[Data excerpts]
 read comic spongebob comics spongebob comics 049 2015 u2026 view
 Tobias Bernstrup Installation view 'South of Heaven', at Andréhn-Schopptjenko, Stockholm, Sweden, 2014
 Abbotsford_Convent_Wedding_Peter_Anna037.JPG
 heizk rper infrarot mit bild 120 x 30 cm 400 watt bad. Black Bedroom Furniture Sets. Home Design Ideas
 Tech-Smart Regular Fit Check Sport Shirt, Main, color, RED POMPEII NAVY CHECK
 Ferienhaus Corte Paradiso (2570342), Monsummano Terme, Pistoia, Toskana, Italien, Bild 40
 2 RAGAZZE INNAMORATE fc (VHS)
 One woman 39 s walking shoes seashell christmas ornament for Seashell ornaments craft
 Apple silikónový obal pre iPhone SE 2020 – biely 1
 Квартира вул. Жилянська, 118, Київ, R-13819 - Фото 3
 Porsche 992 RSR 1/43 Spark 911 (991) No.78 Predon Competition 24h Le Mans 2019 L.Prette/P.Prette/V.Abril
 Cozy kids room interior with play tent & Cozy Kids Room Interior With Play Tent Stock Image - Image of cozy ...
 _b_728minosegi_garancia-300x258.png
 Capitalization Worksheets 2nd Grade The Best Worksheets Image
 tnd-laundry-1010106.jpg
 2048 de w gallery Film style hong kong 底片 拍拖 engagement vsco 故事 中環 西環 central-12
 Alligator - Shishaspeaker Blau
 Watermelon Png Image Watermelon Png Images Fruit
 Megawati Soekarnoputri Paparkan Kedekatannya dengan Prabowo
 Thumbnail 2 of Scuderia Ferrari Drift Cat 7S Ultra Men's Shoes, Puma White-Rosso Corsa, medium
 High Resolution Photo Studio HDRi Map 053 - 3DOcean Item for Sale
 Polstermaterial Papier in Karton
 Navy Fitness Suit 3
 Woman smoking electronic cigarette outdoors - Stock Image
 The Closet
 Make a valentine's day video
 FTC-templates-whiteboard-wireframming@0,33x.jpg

> **WHAT NEEDS TO BE DONE**
For the word "Image", show every line of the entries that holds it.

> **EXERCISE SOLUTION**
 Cozy kids room interior with play tent & Cozy Kids Room Interior With Play Tent Stock Image - Image of cozy ...
 Capitalization Worksheets 2nd Grade The Best Worksheets Image
 Watermelon Png Image Watermelon Png Images Fruit
 Woman smoking electronic cigarette outdoors - Stock Image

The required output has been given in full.